I didn't have any idea about the question. First, I asked ChatboxGPT and got the hint, then wrote the below solution for (5-1).
\begin{array}{l} \because q=Ap+B\Longrightarrow B=q-Ap\\ \therefore A^{2} +B^{2} =A^{2} +( q-Ap)^{2} =A^{2} +q^{2} -2Apq+A^{2} p^{2}\\ \frac{d}{dA}\left( A^{2} +B^{2}\right) =2A-2pq+2p^{2} A,\ \frac{d^{2}}{dA^{2}}\left( A^{2} +B^{2}\right) =2+2p^{2} >0\\ \therefore let\ \frac{d}{dA}\left( A^{2} +B^{2}\right) =0\ would\ get\ the\ minimum\ of\ A\\ 2A-2pq+2p^{2} A=0\\ 2A\left( 1+p^{2}\right) =2pq\\ A_{min} =\frac{pq}{1+p^{2}}\\ \therefore B_{min} =q-A_{min} p=q-\frac{pq}{1+p^{2}} =\frac{q}{1+p^{2}}\\ \therefore A_{min}^{2} +B_{min}^{2} =\left(\frac{pq}{1+p^{2}}\right)^{2} +\left(\frac{q}{1+p^{2}}\right)^{2} =\frac{p^{2} q^{2} +q^{2}}{\left( 1+p^{2}\right)^{2}} \end{array}
I'm confused about getting the minimum value of $A^{2} +B^{2}$ through the minimum value of A. When A is minimum, B(y-intercept) is maximum. Is it correct to obtain the minimum value? If it is correct, what about through the minimum value of B to get the answer? (I'm sorry I don't have reference answer)

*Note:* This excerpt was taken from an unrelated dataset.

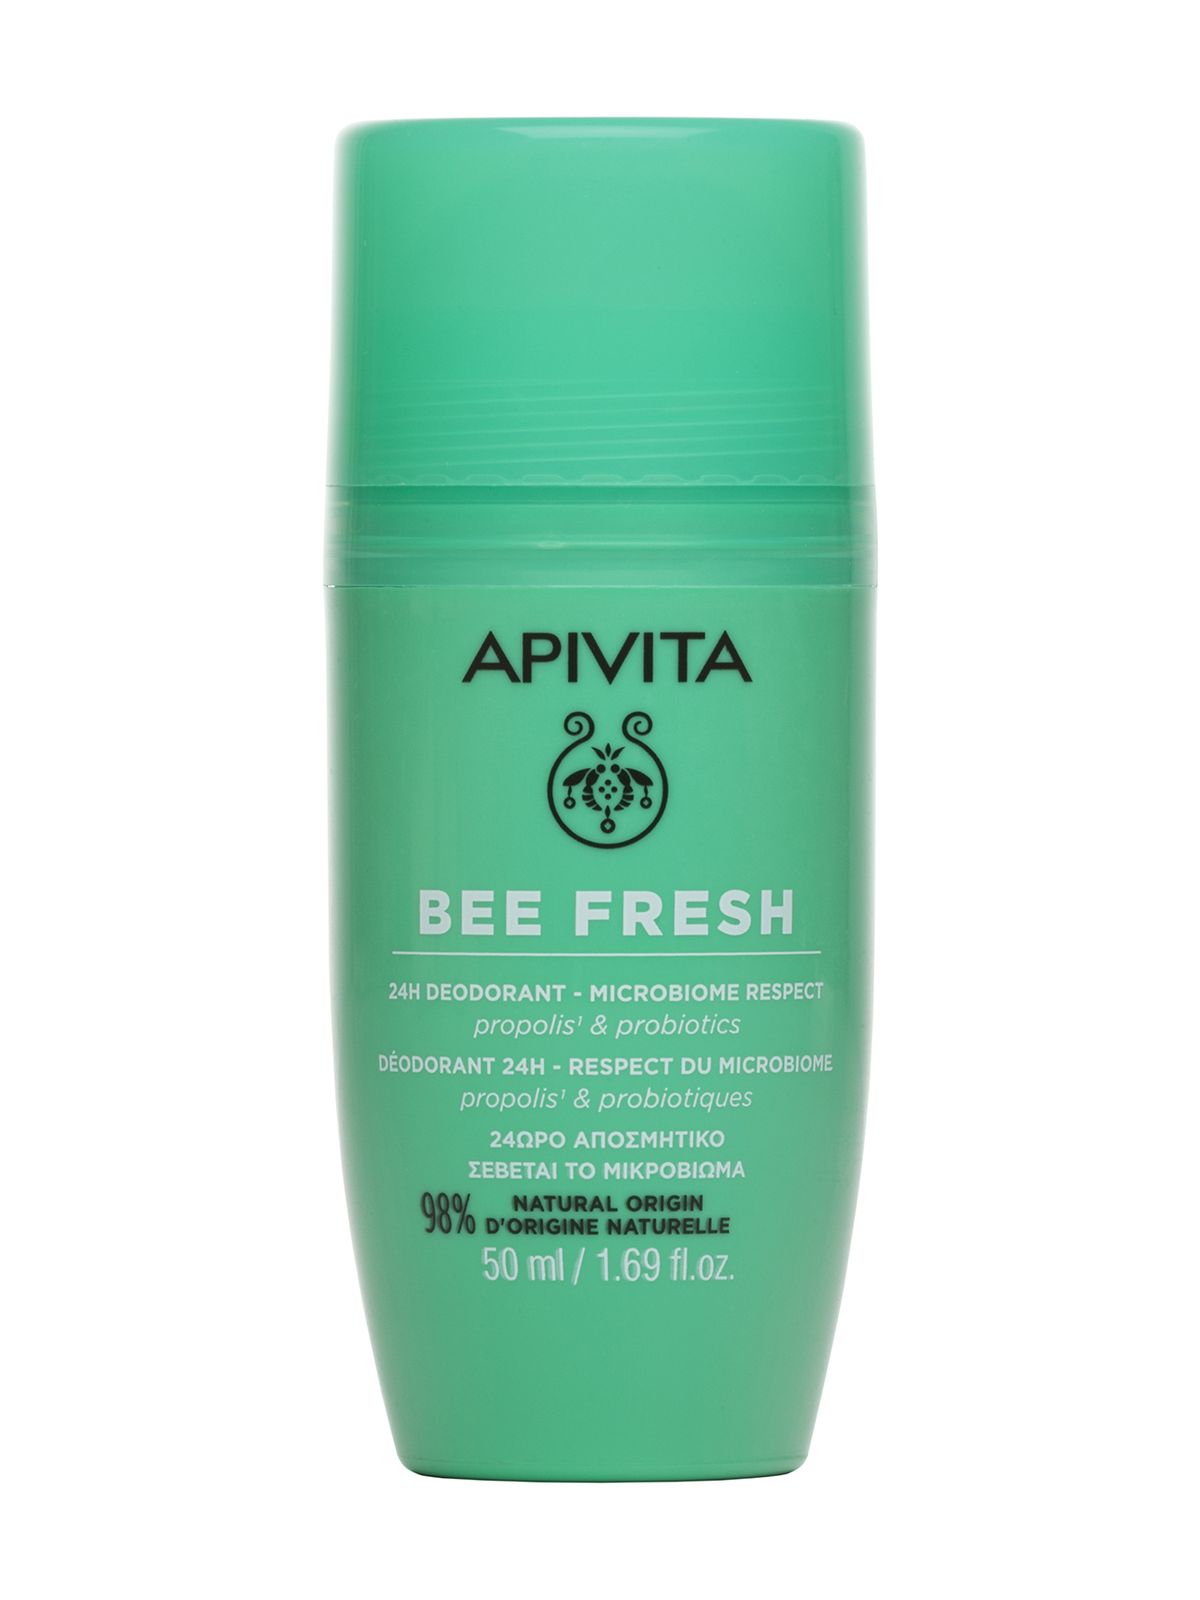 Дезодорант Apivita Bee Fresh 24H Deodorant Microbiome Respect Propolis & Probiotics masil шампунь для глубокого очищения кожи головы probiotics scalp scaling shampoo 300 мл

For (5-2), here is my idea. \begin{array}{l} \because |a+b|\leqslant |a|+|b|\\ \therefore ( |A|+|B|)_{min} =\sqrt{( A+B)^{2}} =\sqrt{A^{2} +B^{2} +2AB} \end{array} Please tell me if it is correct. Thanks for your help.
Solution (5-2):
Let $G(A,B)\mapsto |A|+|B|$.
Then $G_{min}(A,p,q)= G(A,q-A p) = |A|+|q-A p|$.

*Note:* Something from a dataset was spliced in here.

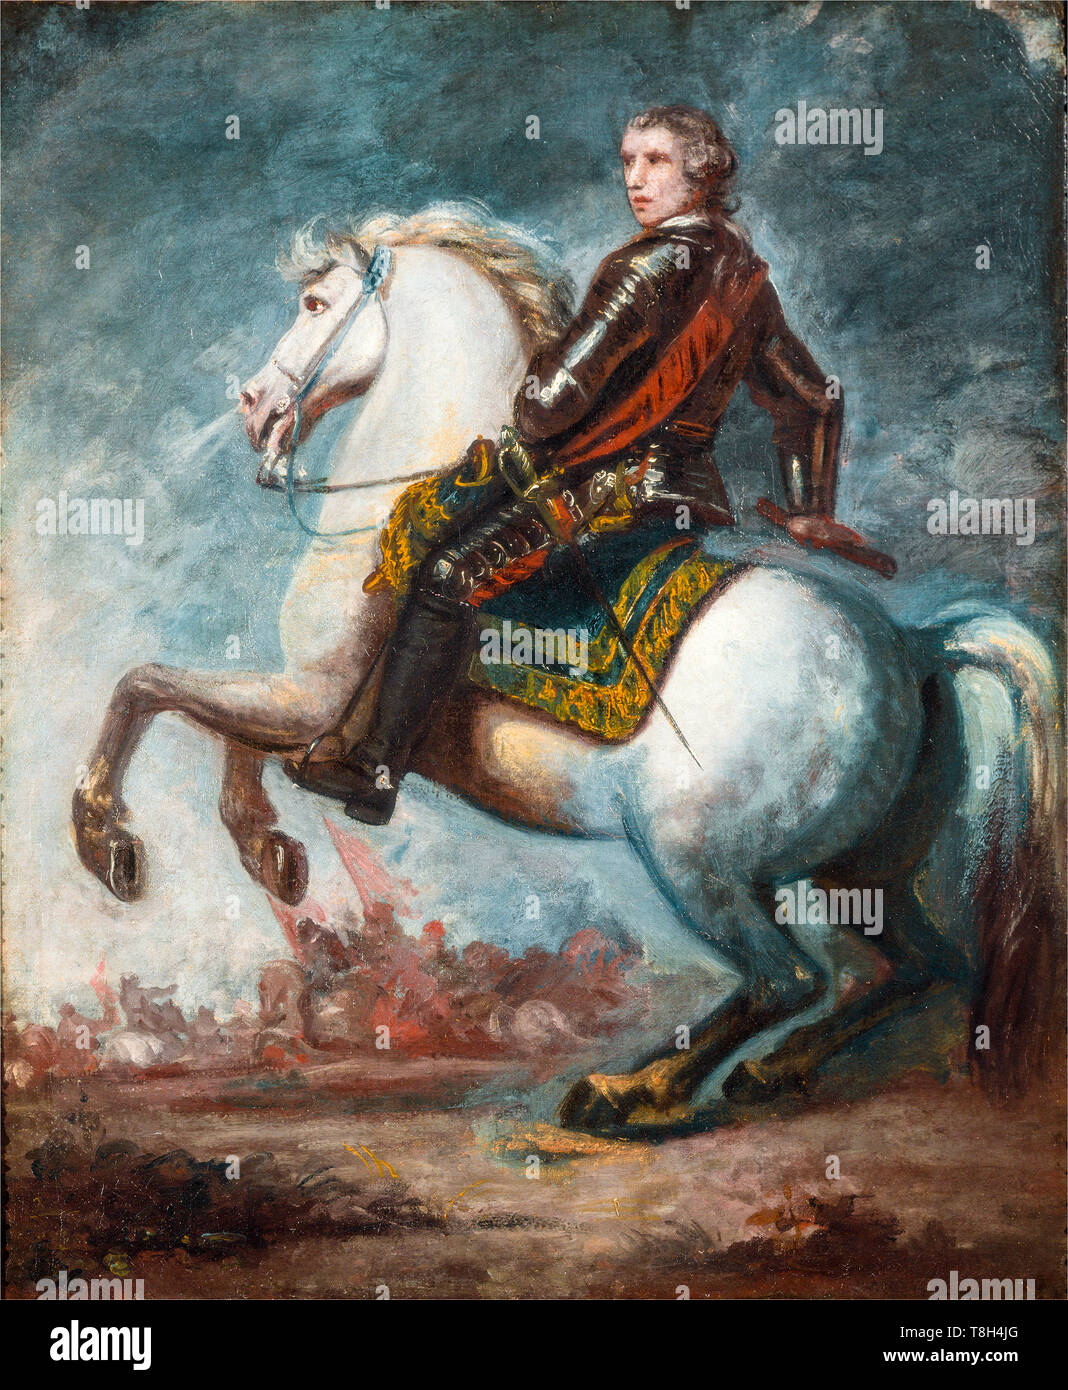 Sir Joshua Reynolds, Portrait équestre de Field-Marshall RT. Sir Jeffrey Amherst (1717-1797), officier de l'armée britannique, commandant en chef, Amérique du Nord, peint vers 1768 Banque D'Images

HINT: The $|x|$ function has one global minimum at $x=0$.
Hence $G_{min}(A,p,q)$ may be minimal at $G_{min}(0,p,q)=|q|$ or $G_{min}(\frac{q}{p},p,q)=|\frac{q}{p}|$, whoever is smaller.
Finally we get the minimum value at $min(|\frac{q}{p}|,|q|)$.